We try not to stray from the geek-o-sphere too much here at the NOC, but it’s kind of hard to deny that the one pop cultural topic that’s taking up all of the oxygen is the announcement of the 2015 Academy Award nominations, and the near 100% shut out of people of color in all the major categories1. The most egregious of these snubs was the almost complete dismissal of Selma. The Martin Luther King biopic was pretty much a lock for multiple noms for most of awards season but only managed a Best Song and a (token) Best Picture out of the deal. Star David Oyelowo and director Ava DuVernay were left on the outside looking in.

And if you need a direct connection back to the nerd world, Oyelowo provides the voice for the Star Wars: Rebels baddie Agent Kallus and Topless Robot wants DuVernay to direct a Marvel movie (something the director isn’t opposed to, by the way). So there.

Here’s the thing. Who’s really surprised by these snubs? The Academy has had a long history of ignoring people of color — unless they’re playing slaves, servants, and/or murderous despots — and elevating movies about people of color by honoring only the white folk in them. Whenever the Academy acknowledges movies about racism, it’s usually movies centered around white folk — see Crash or Lincoln or The Help. Perhaps Selma was snubbed because it wasn’t white savior-y enough? Despite that manufactured backlash, Selma perfectly set up the Academy to do something historic. Think about it: on the occasion of what would have been Martin Luther King’s 85th birthday and on the eve of the national holiday created to honor his legacy2, the Academy could have nominated the first ever Black woman for Best Director and an actor who, by all accounts, embodied Dr. King more so than any performer previous.

For an organization created to honor the movies, they sure suck at creating a narrative. But hey, Common is now 50% of the way toward an EGOT. That’s something. Right?

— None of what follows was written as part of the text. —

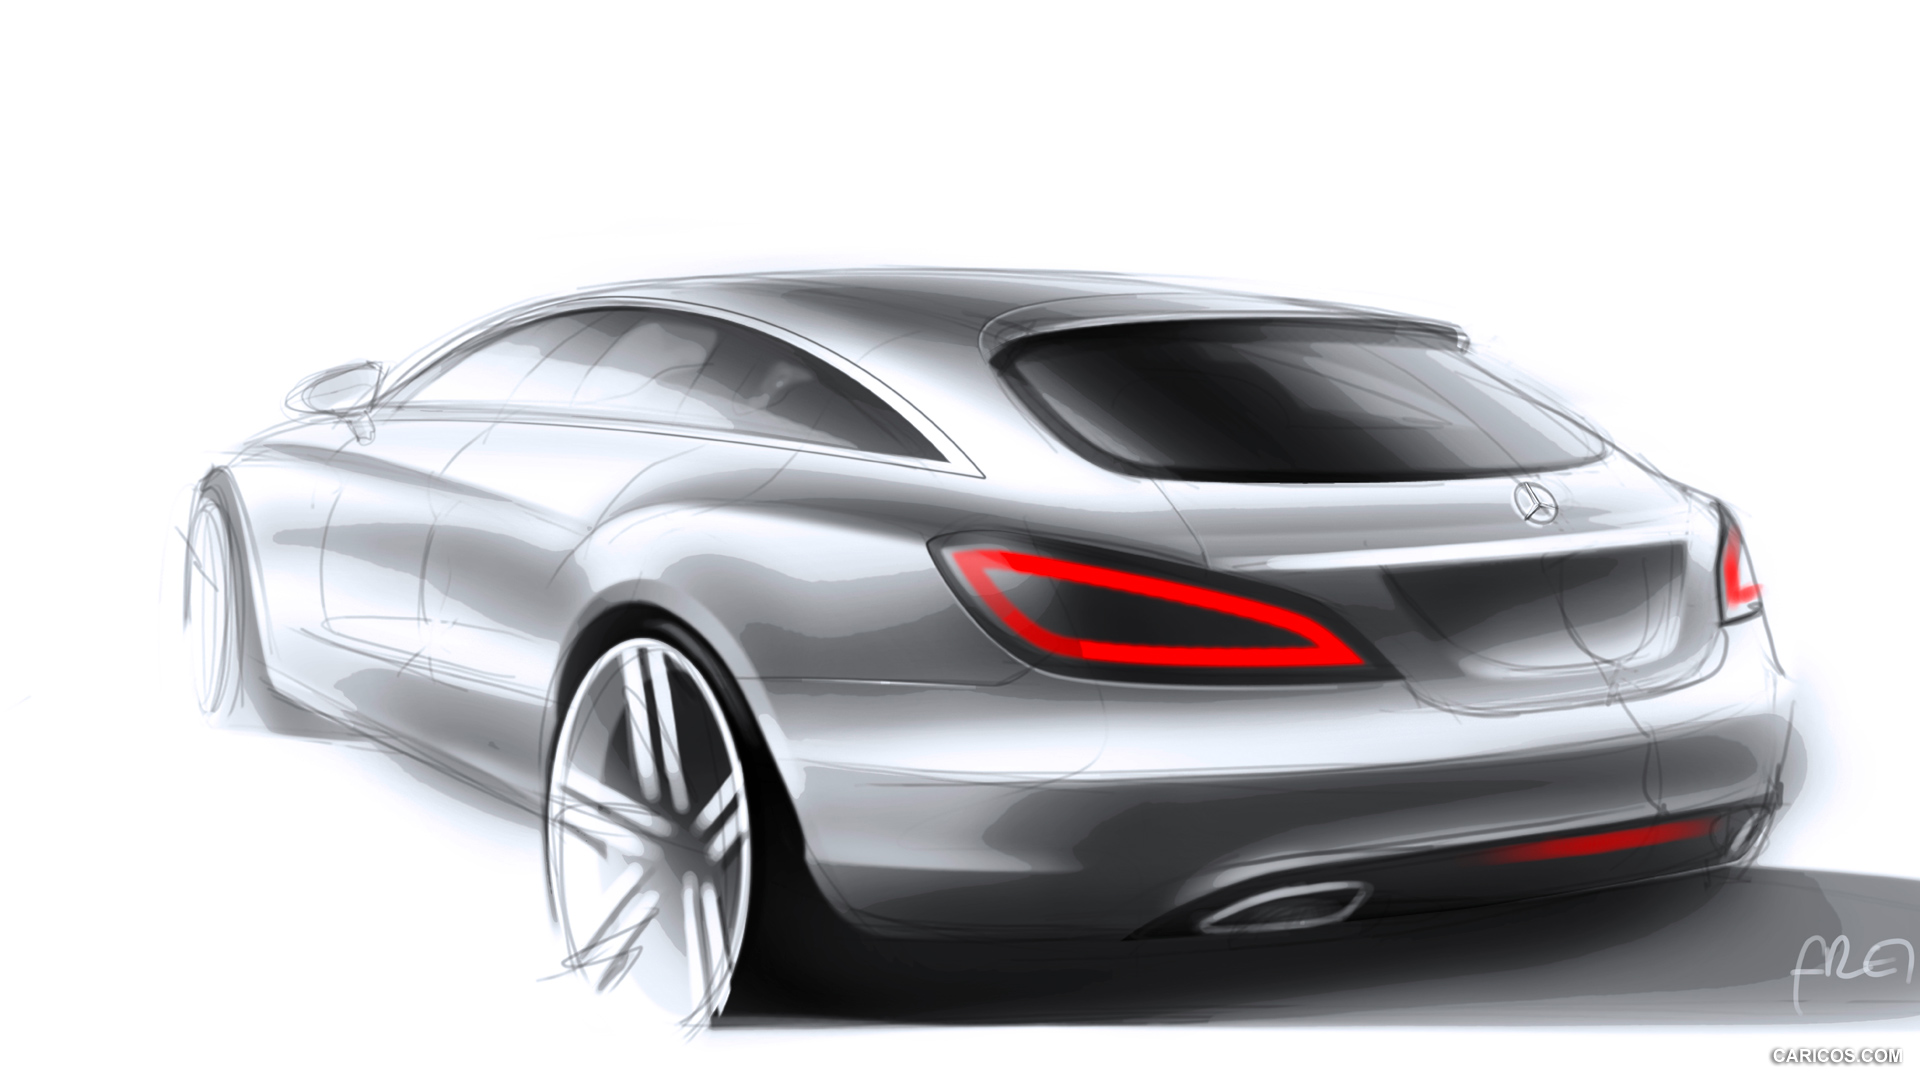 2013 Mercedes-Benz CLS Shooting Brake - Design Sketch, #139 of 184

Even when a POC-centered movie actually is an Oscar juggernaut — like The Last Emperor in 1988 or Crouching Tiger Hidden Dragon in 2001, the Academy finds ways to honor everyone but the actors. You know, the people audiences actually see on screen?

How these soulful performances from Chow Yun-Fat and Michelle Yeoh were ignored by Oscar, I’ll never understand.

The other surprise snub was the absence of The LEGO Movie from the Best Animated Feature category. Though to be honest, I’m less broken up about that. While I really, really liked the movie, I’m rooting for Big Hero 6; though, I won’t be mad if The Tale of the Princess Kaguya walks away with the trophy. For starters, it’s simply a visually stunning film unlike anything else in the category. Also, it’d be nice to see Isao Takahata accept the Oscar, if only to see at least one non-white person win something.

Check out Heidi at The Beat for a rundown of the rest of the nerd-friendly categories (spoiler: they’re all the visual effects ones).

But I won’t lie. I’ll probably end up watching the broadcast. As frustrating as it is, I can’t deny that I’m a bit of an Oscar junkie, and I do have a rooting interest in some of the films that were nominated since Boyhood and Birdman3 were two of my favorite movies this year. And let’s face it, had Oyelowo or DuVernay been nominated, chances are neither would have won their respective categories since it’s pretty much Michael Keaton’s and Richard Linklater’s year. But by not nominating either of them, the Academy is denying both the opportunity to even compete, and that’s the real crime.


  1. Birdman director Alejandro González Iñárritu — who’s Mexican — is the lone exception. 
  2. Not to mention 2015 is the 50th anniversary of the marches in Selma and on the heels of Ferguson and the #BlackLivesMatter movement, the movie is more relevant than ever. 
  3. And in case you were wondering, you bet I’ve already updated my “Batman & Oscar” list to include Michael Keaton’s nomination!